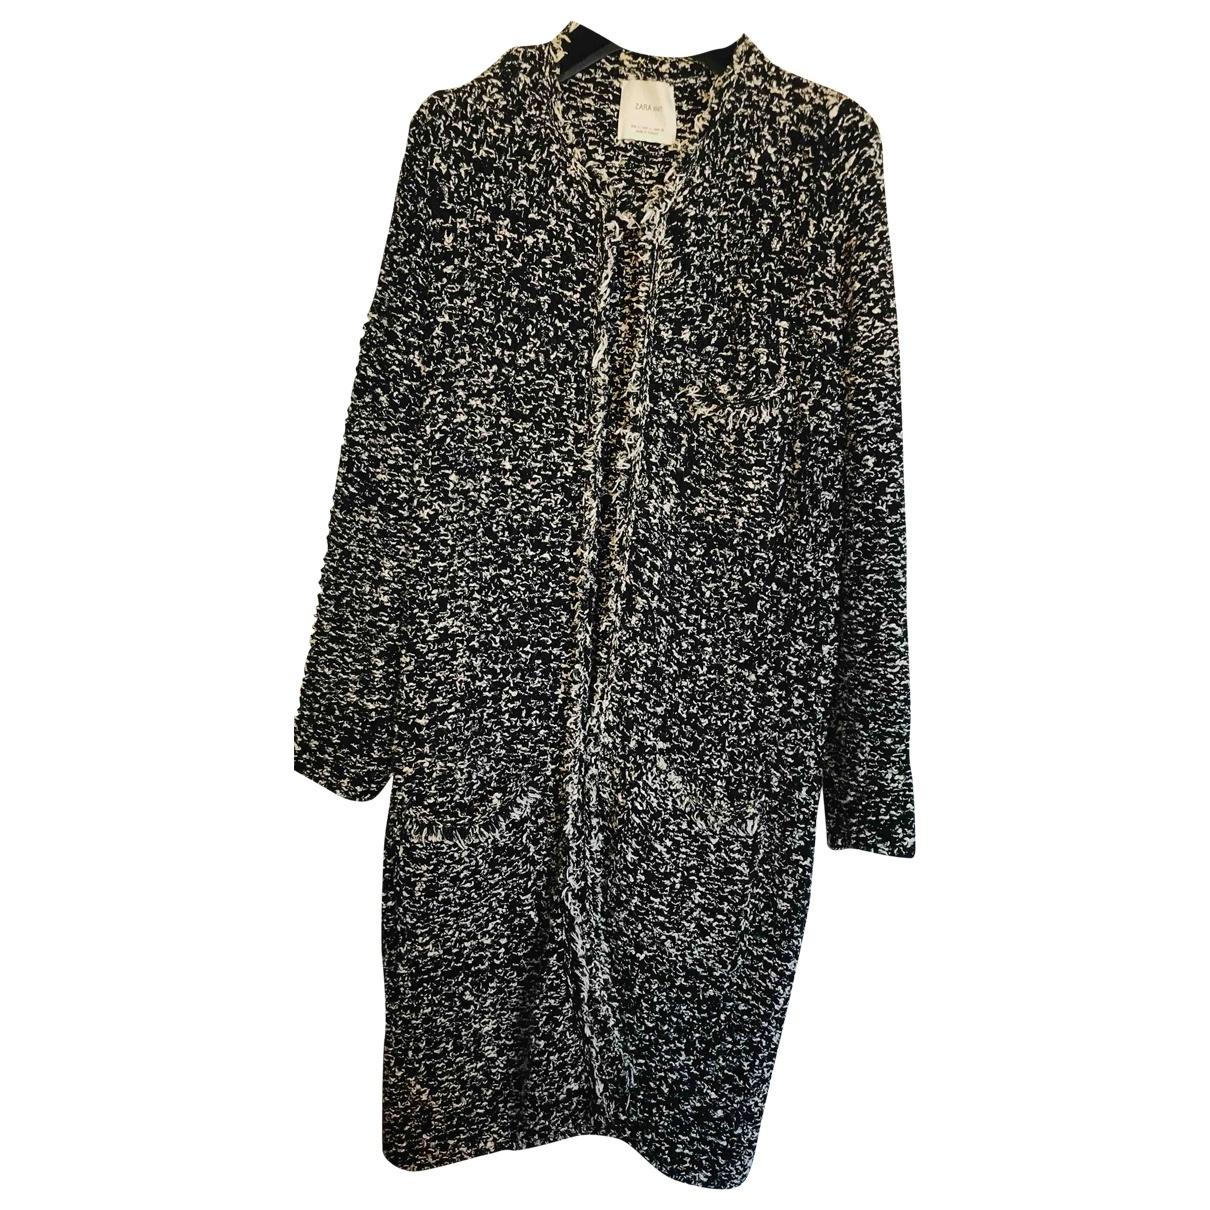 Zara - Manteau   pour femme en tweed - noir
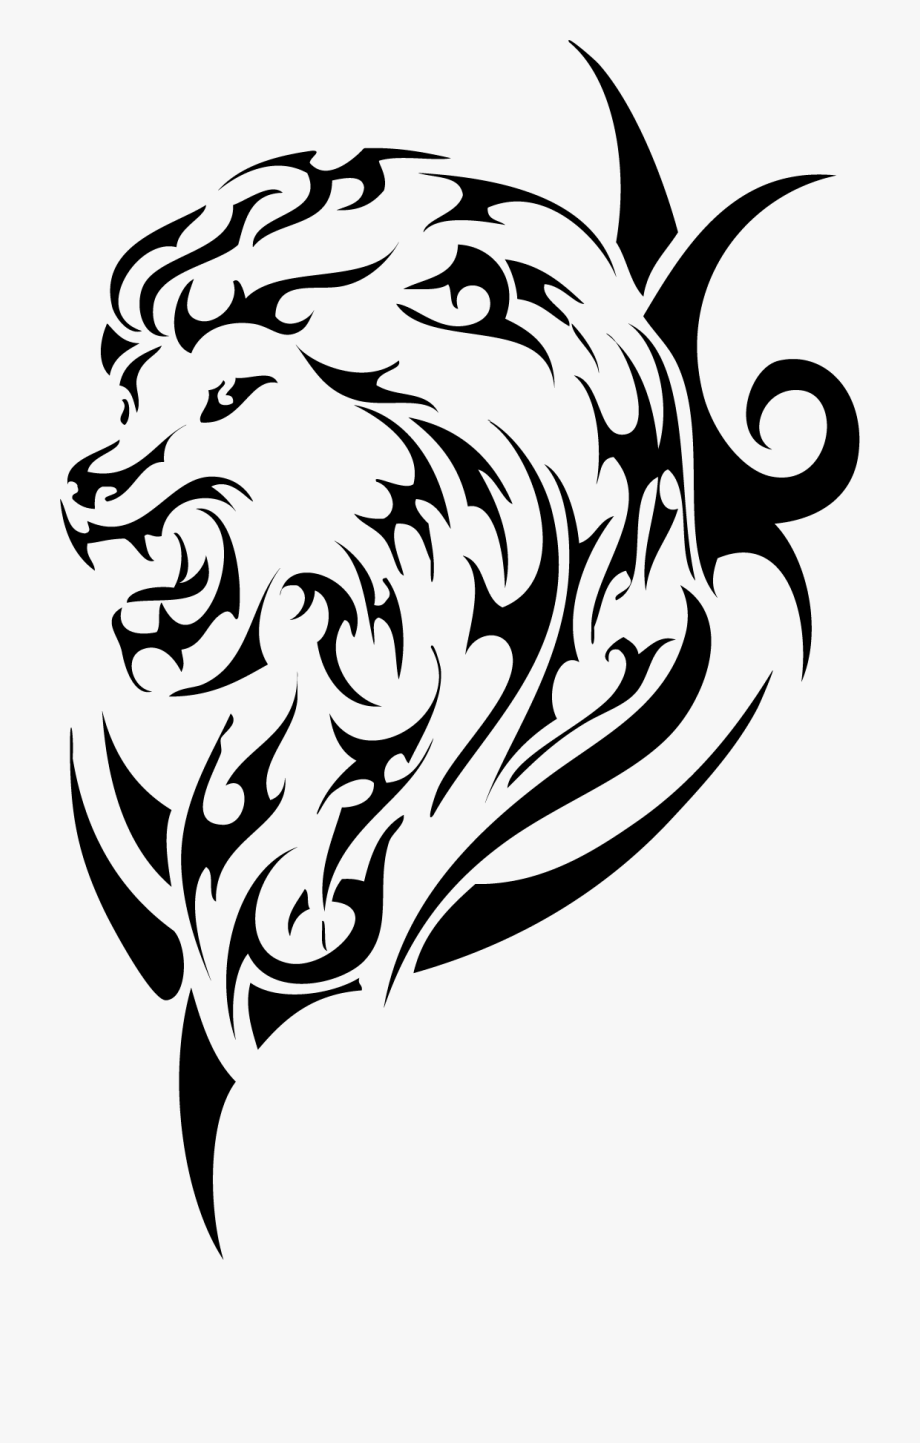 Tattoo Sleeve Artist Nz Lion Studio Ink Clipart.
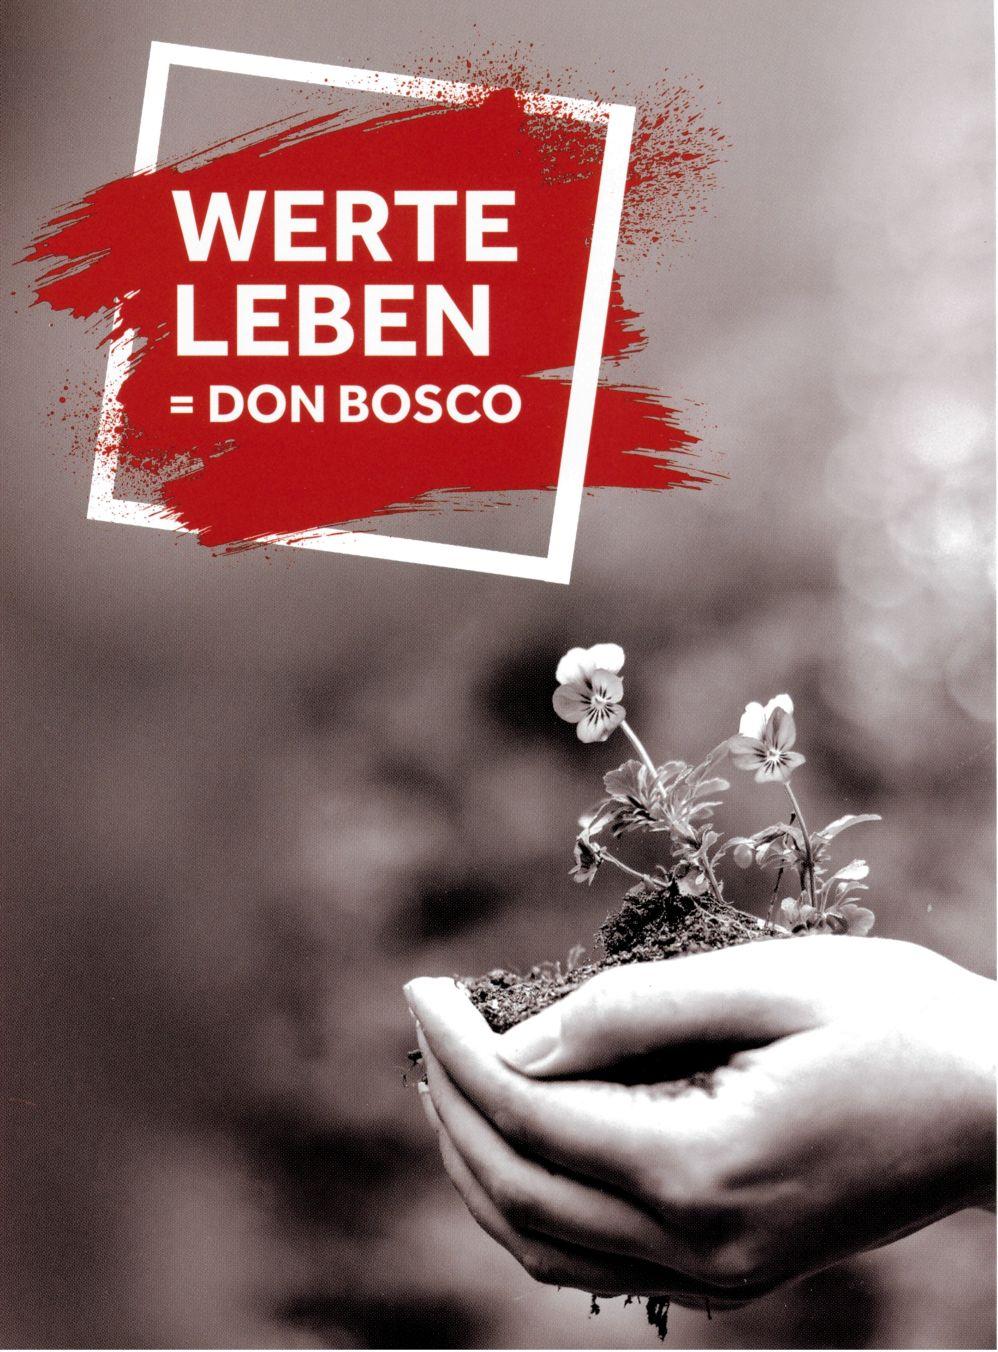 iWerte leben Don Bosco

Task statement:
I'd like the data above duplicated exactly, with no pictures included.

Task output:
 Zara - Manteau   pour femme en tweed - noir
 Tattoo Sleeve Artist Nz Lion Studio Ink Clipart.
 iWerte leben Don Bosco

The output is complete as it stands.